People not profit

A day in El Sunza

August 31, 2007 · 1 Comment

We walk through town. Down dirt roads or trails littered with rocks and trash. A flow of muddy, milky water braids its way downhill, further.

We stop at one of the many wire and wood gates fixed into the brush fences along the road marking a house. A mother holding a small child comes to the gate to meet us, two more daughters at her sides. They are shy. It takes them some time to work up to a wave, then a smile. Before long they wave warmly and share their names. Such beautiful faces. The boys are less timid. They play in the road by themselves and watch us. One boy without shirt or shoes, maybe four years old, stares at us blankly, unblinking, while he beats a plant beside him with a stick. He’s emulating hammering. Two more boys appear in the road, both barefoot and without expression. They sit close side by side. One of them hammers into the packed mud with a sharp rock. He does so with precision as if he’s looking for something. The world’s smallest archeologist.
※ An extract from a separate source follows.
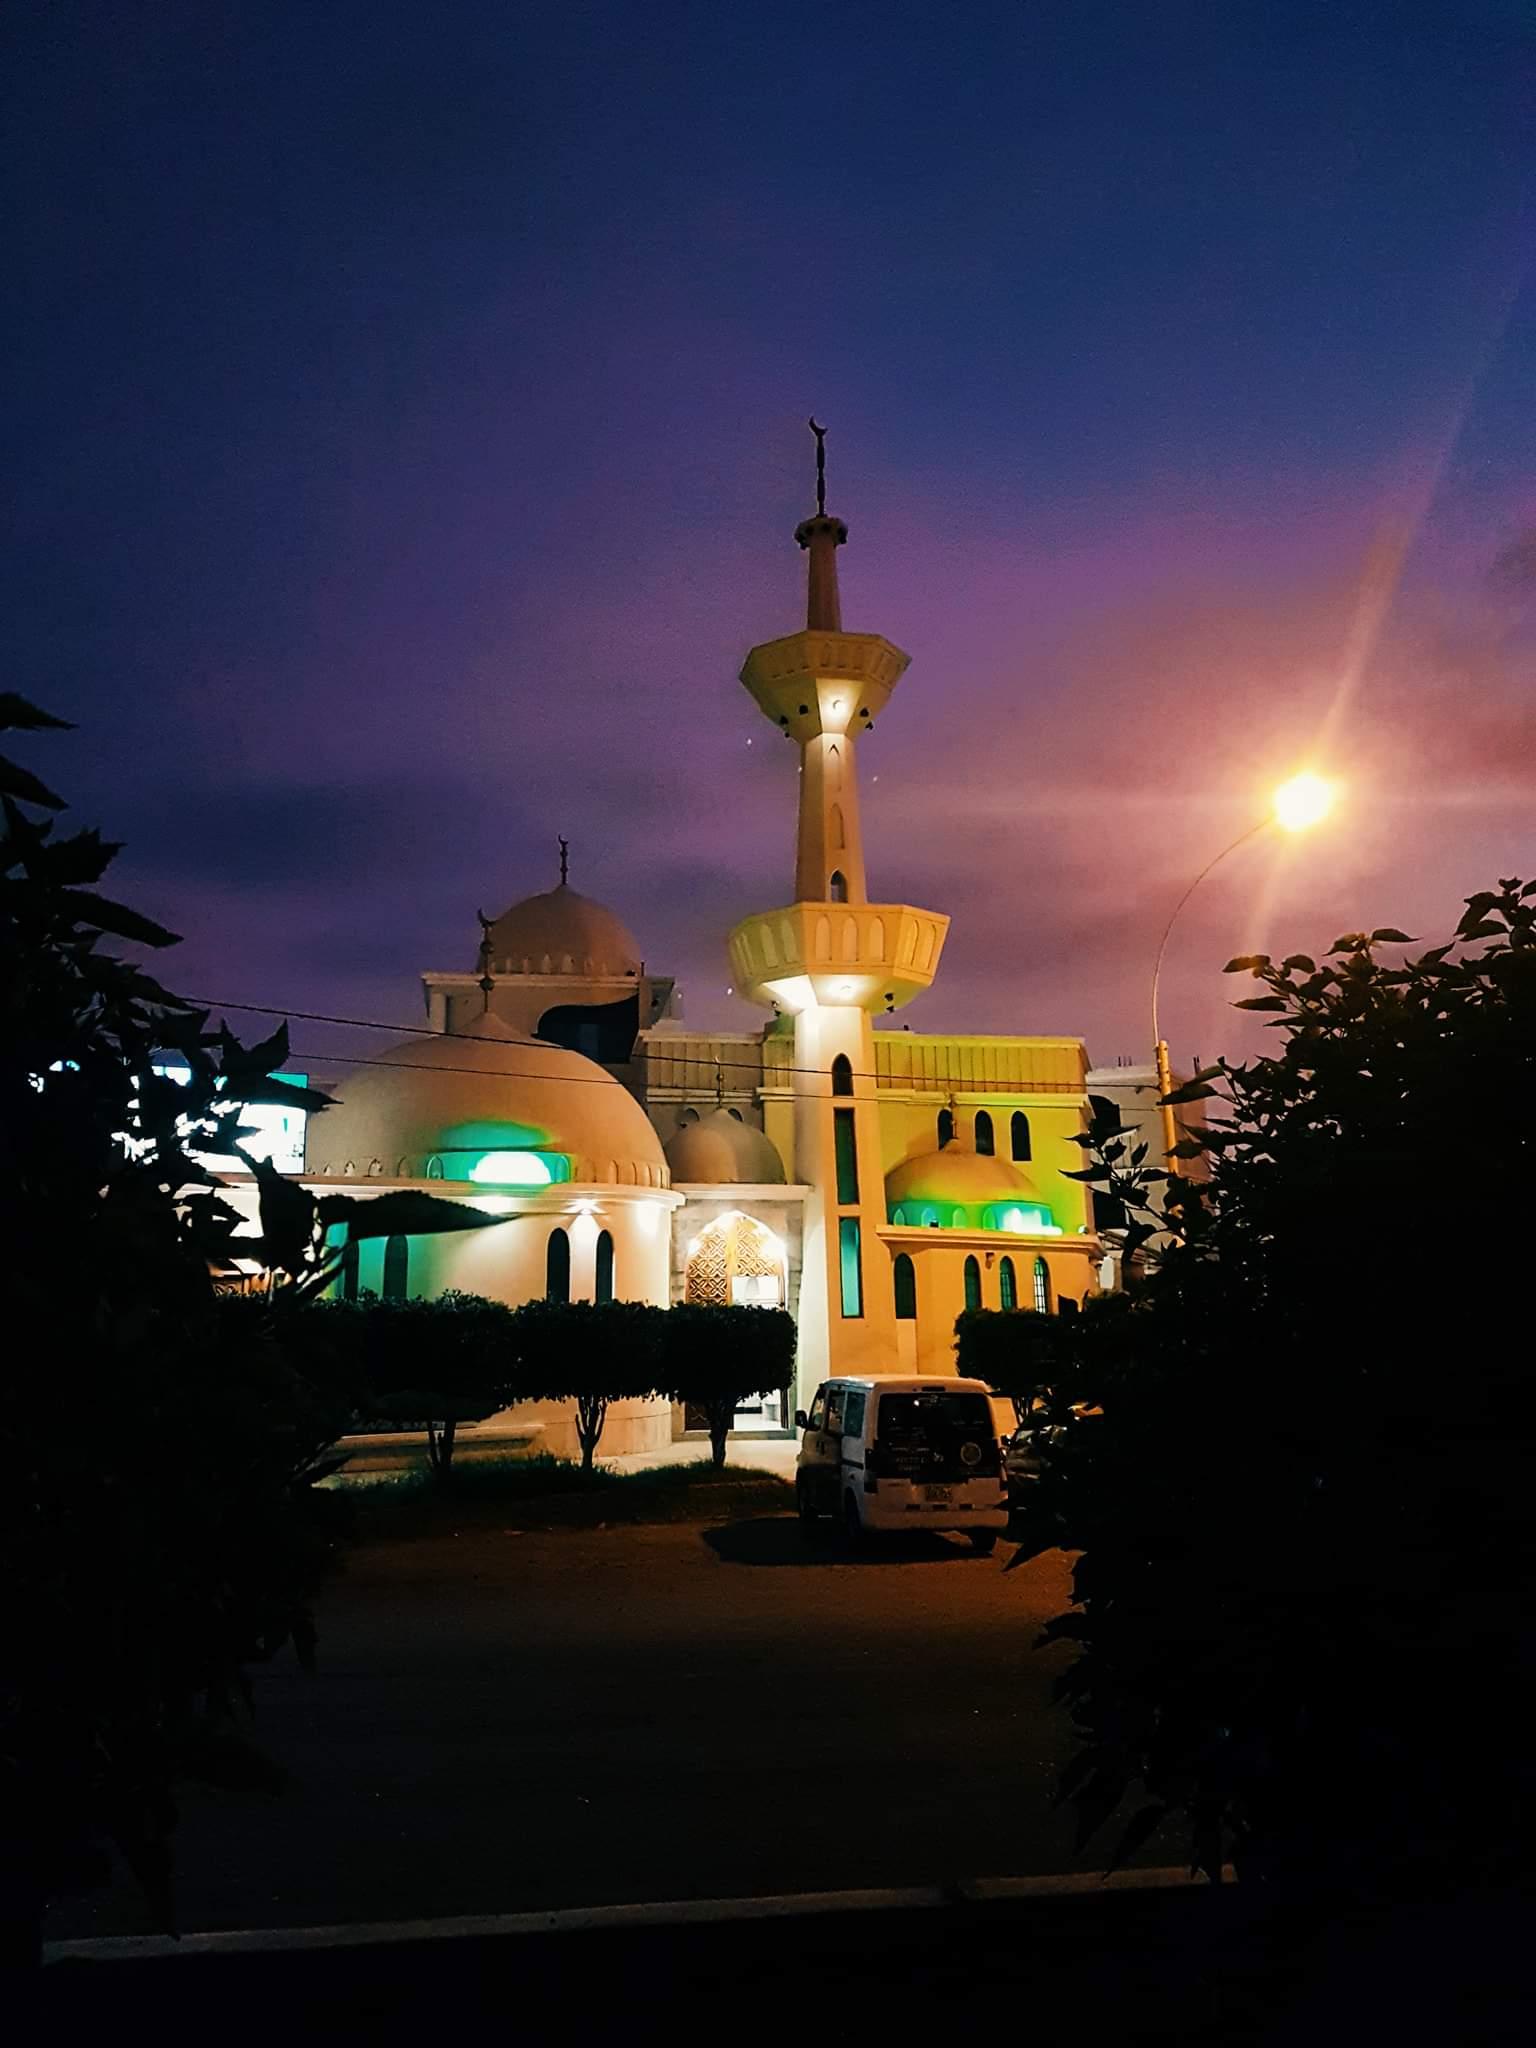 Файл:FB IMG 1553100222656 Mezquita Bab Ul Islam.jpg — Википедия

The mother says buenas to each of us and we continue down the road, further and deeper. The dirt path narrows, the footing crumbly but not precarious. When our path flattens out we turn and head up the side of a hill. Everything is covered in scrub, tropical green bushy scrub, and is checkered with trash. We climb a one-person dirt trail. Near the top is a dilapidated shelter. Four sheet metal walls with tree branches acting as pillars. An open space for a doorway and a sheet metal roof weighted down with igneous rocks. Surely the roof cannot keep out the rain. And it rains every day.

Children emerge and a round woman wearing a humble skirt, t-shirt, and sandals. Dee, our nurse, goes into the dark room to talk with the mother and her children. She has six, Dee says. In a ten by ten shack, live these six children and mother. No father, he left her, they were never married.

There is beauty in this house, however. All around it. Being on the edge of the hill at the very end of the village, the house has a grand view of the valley below the village, and the small mountains. Square plots of corn and sugarcane checkerboard up to the mountainside. The closest little mountain is densely vegetated. Our friend and guide, fourteen year-old Santos, climbs onto a rock and beckons to me. He’s lived here his whole life and knows what a view it is. He says there are coffee trees on the mountain. And that the mountain has a twin to its south. That there is another town on the other side of the mountain. And another after that.